Props to Ryan's insane space shoes, which I can't believe I didn't find time to mention elsewhere.
Friends! Romans! Bachelors! Lend me your pride! Thus spake the master orator Chris "What About Us Brain Dead Slobs/You'll Be Given Cushy Jobs" Harrison, who kicks things off in front of the mantel that continually threatens to upstage the poor man, so vanilla-flavored are they both. "Fellas, good morning," he offers, and the low, guttural, apelike response to his call moves me to Windex the stray Y-chromosomes off of my screen so that I may continue enjoying the visual aspects of this exciting new medium called television. Chris: "I wanna introduce to you to two of Meredith's closest friends." Her first friend is not, as we naturally assumed, a Ouija Board with the word "Nana" scrawled across the top in black magic marker, as well it probably should have been. Instead, one of her "closest friends" is last season's runner-up and this season's heavily favored pick for Bachelorette, Kelly Jo, who smiles gamely like the Hooter's girl she should actively consider becoming and gazes around the room with a decided look of "Hands off the horse roper, bitchcakes, I'm roping myself a Lanny before I truck outta Malibu." Meredith's other closest friend is "TJ," who, Chris banters stiltedly, "TJ, who she's been buddies with for, what, eleven years?" TJ looks back at Chris and nods, as if there could have been any other response of the "no, actually, I've only known her for sixteen minutes, having met her on a television set where emotions are synthetically amped up to paint those around you as caricatures by which they are either your worst enemies or their so-called 'closest friends' even though you've never met her parents and don't know her middle name or her CULINARY SCHOOL AMBITIONS, as is the case here with my partner in crime, Little Mary Fameshine next to me" variety.

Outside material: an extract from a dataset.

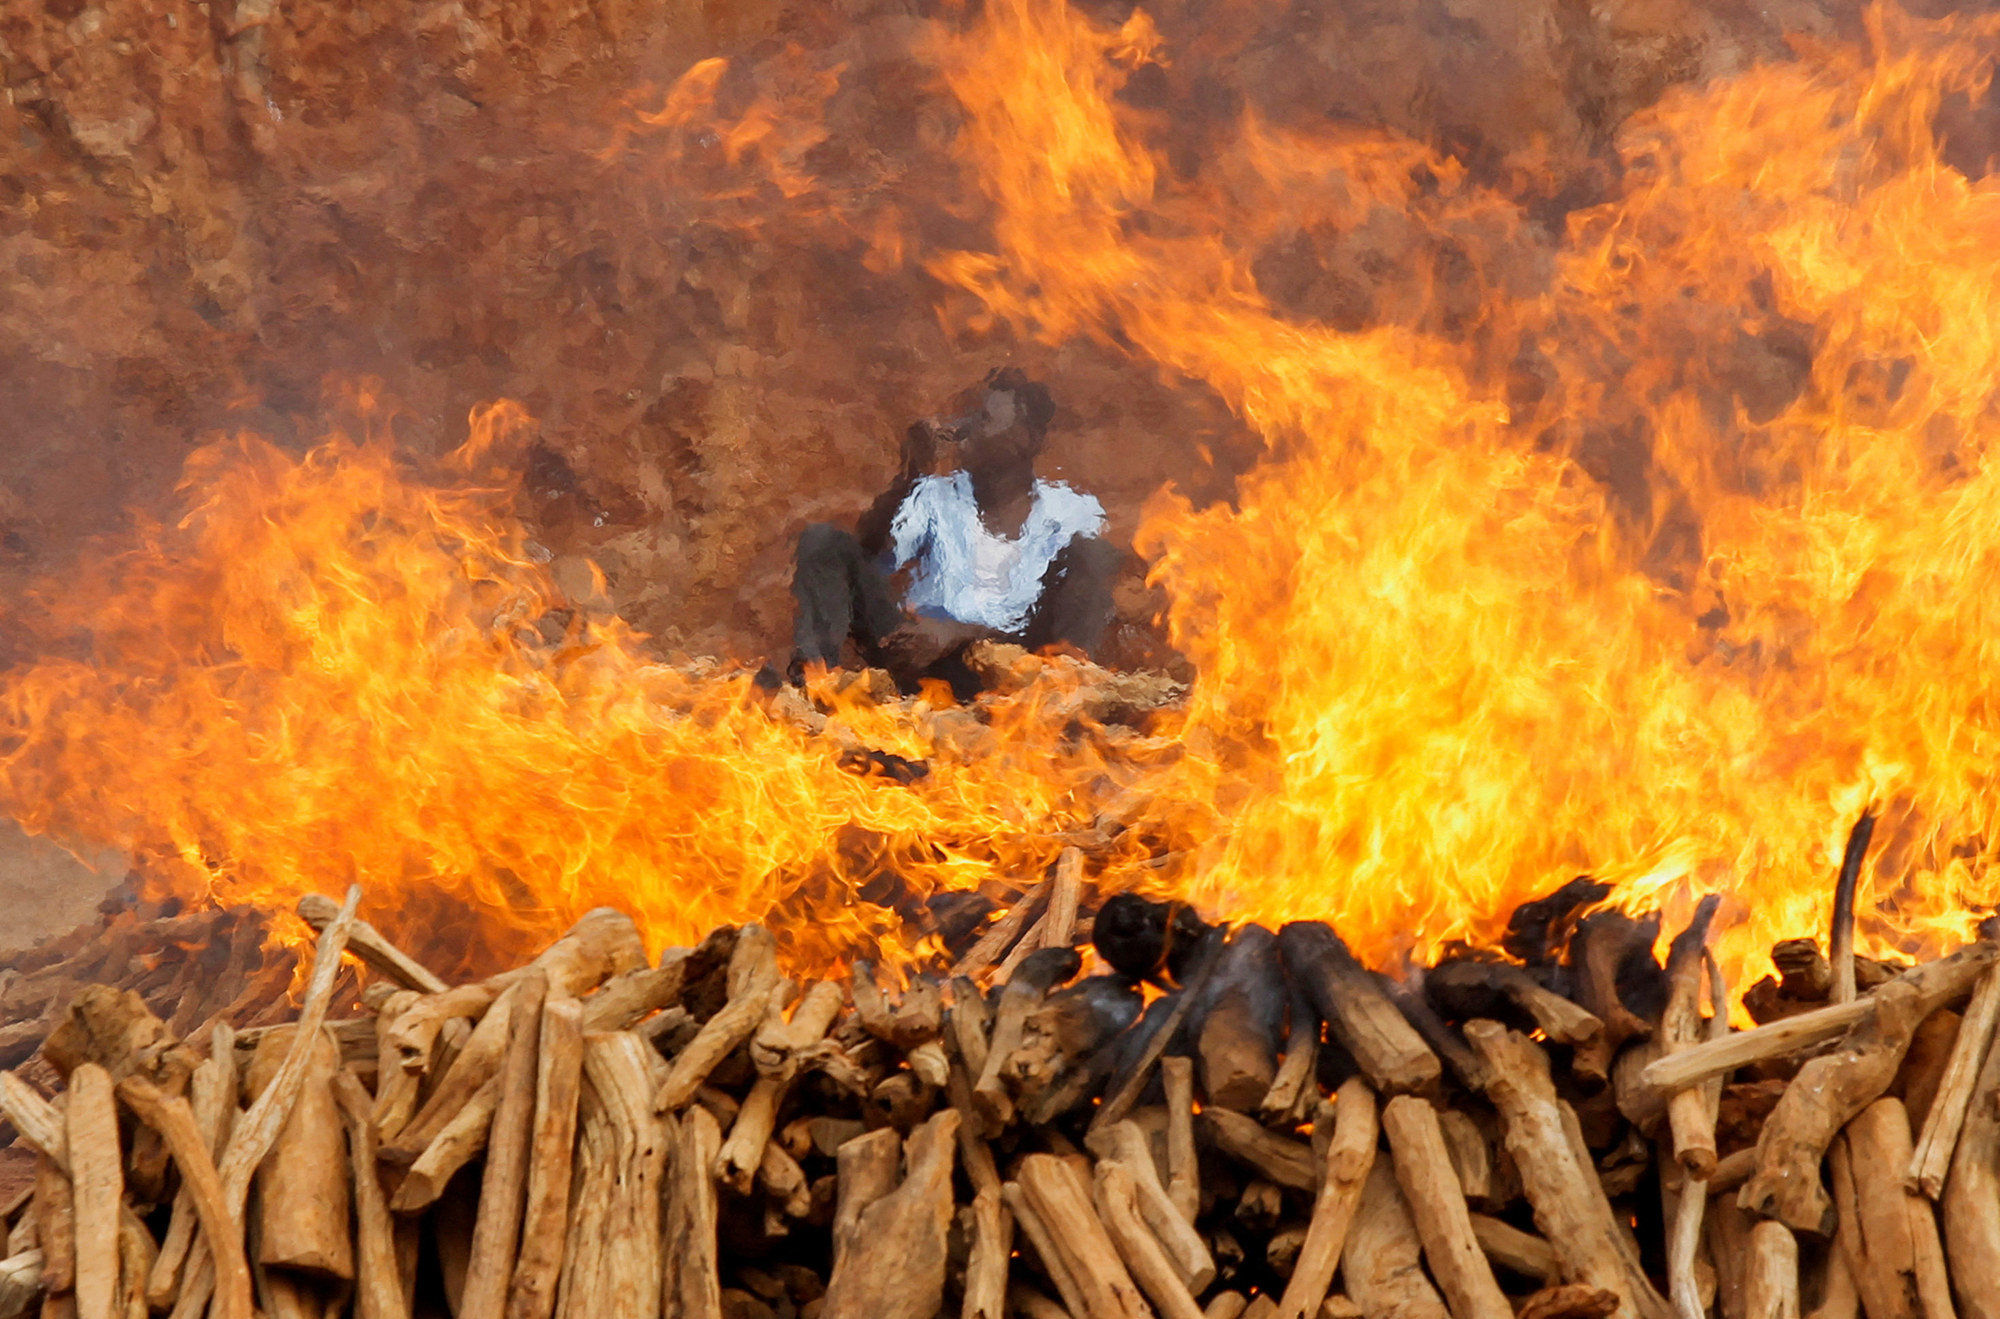 a man sits in the middle of a gigantic wood fire, his image is blurry due to the smoke

TJ kicks it first to a confessional, because TJ is getting his first taste in front of the cameras and has actually brought a stopwatch with him on-set to ensure that he gets his full, unadulterated fifteen minutes, whereas Kelly Jo just believes her endless charming appearances on this show and Cold Pizza and Kimmel will last as long as television itself. In her mind, saying that you enjoy television is tantamount to speaking the sentence, "Me, I want to be in the Kelly Jo business, is where I want to be," so she's happy to let newbie TJ get a crack at it and see how it works out for him.